» Problem requirements
Transcribe the records below exactly as written, from the opening line through the line that contains "face behind pixelated glass".

» Extracted information

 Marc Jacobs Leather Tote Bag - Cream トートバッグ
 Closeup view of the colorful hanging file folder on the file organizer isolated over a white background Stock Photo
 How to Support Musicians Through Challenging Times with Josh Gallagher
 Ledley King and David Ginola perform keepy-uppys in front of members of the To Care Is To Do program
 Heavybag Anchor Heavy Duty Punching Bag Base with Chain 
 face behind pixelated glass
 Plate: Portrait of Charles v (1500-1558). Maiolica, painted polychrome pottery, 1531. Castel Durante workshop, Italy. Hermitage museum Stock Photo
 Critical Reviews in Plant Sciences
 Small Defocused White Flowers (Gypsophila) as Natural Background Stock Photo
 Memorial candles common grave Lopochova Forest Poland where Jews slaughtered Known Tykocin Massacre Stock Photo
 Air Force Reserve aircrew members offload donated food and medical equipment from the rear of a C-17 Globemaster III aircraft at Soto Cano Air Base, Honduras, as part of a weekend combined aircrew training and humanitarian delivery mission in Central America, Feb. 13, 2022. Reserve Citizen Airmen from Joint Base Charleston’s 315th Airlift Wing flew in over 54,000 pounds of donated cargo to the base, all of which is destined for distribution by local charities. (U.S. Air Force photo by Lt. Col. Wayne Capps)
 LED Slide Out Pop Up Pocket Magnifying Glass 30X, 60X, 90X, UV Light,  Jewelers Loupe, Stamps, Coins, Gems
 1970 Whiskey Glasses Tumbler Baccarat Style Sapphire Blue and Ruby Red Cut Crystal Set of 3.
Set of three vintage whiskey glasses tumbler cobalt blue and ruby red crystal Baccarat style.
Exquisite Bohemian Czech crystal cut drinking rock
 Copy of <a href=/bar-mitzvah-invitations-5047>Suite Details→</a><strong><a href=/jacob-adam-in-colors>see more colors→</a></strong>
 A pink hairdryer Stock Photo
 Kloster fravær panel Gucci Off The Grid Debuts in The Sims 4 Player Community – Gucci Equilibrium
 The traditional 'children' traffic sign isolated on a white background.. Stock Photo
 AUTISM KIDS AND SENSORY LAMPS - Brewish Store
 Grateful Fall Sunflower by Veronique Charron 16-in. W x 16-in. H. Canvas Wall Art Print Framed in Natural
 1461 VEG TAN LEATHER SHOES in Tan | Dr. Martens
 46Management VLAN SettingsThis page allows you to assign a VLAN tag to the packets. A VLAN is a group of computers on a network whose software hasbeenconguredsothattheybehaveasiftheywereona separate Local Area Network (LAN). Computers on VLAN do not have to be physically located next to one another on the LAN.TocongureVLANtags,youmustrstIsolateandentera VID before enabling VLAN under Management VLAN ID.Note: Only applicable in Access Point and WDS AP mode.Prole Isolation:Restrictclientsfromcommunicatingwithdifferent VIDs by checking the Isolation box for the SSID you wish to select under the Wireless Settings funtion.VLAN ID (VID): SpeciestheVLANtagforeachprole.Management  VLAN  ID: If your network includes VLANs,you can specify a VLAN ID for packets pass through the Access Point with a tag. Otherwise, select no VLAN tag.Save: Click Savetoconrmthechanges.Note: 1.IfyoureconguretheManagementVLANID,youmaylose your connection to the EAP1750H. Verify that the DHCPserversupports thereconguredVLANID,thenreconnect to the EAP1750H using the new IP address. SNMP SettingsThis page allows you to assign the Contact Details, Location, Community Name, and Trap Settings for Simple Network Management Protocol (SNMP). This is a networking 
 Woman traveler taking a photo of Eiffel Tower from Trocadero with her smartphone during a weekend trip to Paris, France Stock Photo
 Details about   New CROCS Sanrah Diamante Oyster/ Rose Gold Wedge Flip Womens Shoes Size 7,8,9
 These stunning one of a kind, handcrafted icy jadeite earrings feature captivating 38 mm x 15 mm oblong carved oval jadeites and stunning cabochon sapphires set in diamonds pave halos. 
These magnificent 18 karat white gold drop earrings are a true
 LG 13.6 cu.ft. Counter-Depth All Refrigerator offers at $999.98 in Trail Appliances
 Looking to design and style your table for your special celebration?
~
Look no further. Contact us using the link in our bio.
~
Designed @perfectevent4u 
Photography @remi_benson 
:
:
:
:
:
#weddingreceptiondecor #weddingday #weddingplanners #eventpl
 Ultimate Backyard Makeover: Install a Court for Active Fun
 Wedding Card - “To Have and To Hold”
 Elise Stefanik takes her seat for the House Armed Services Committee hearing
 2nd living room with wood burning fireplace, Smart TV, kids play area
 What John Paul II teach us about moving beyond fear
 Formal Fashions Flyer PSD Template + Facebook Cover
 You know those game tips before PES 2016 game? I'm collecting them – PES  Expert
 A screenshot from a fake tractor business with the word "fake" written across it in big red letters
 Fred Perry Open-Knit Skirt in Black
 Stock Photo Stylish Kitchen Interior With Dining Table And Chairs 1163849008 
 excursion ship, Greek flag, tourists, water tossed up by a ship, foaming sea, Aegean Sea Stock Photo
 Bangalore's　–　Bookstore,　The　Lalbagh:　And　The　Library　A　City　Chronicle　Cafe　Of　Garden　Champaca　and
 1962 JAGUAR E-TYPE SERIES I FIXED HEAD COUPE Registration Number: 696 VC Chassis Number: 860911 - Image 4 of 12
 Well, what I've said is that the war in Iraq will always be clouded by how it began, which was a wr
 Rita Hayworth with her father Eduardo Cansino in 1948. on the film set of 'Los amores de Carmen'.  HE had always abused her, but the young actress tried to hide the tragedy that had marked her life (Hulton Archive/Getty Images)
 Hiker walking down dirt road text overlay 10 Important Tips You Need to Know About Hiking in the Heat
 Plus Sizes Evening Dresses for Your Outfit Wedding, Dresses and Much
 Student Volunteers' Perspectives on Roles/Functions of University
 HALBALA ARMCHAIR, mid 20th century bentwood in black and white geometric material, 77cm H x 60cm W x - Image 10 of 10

» Solved problem
 Marc Jacobs Leather Tote Bag - Cream トートバッグ
 Closeup view of the colorful hanging file folder on the file organizer isolated over a white background Stock Photo
 How to Support Musicians Through Challenging Times with Josh Gallagher
 Ledley King and David Ginola perform keepy-uppys in front of members of the To Care Is To Do program
 Heavybag Anchor Heavy Duty Punching Bag Base with Chain 
 face behind pixelated glass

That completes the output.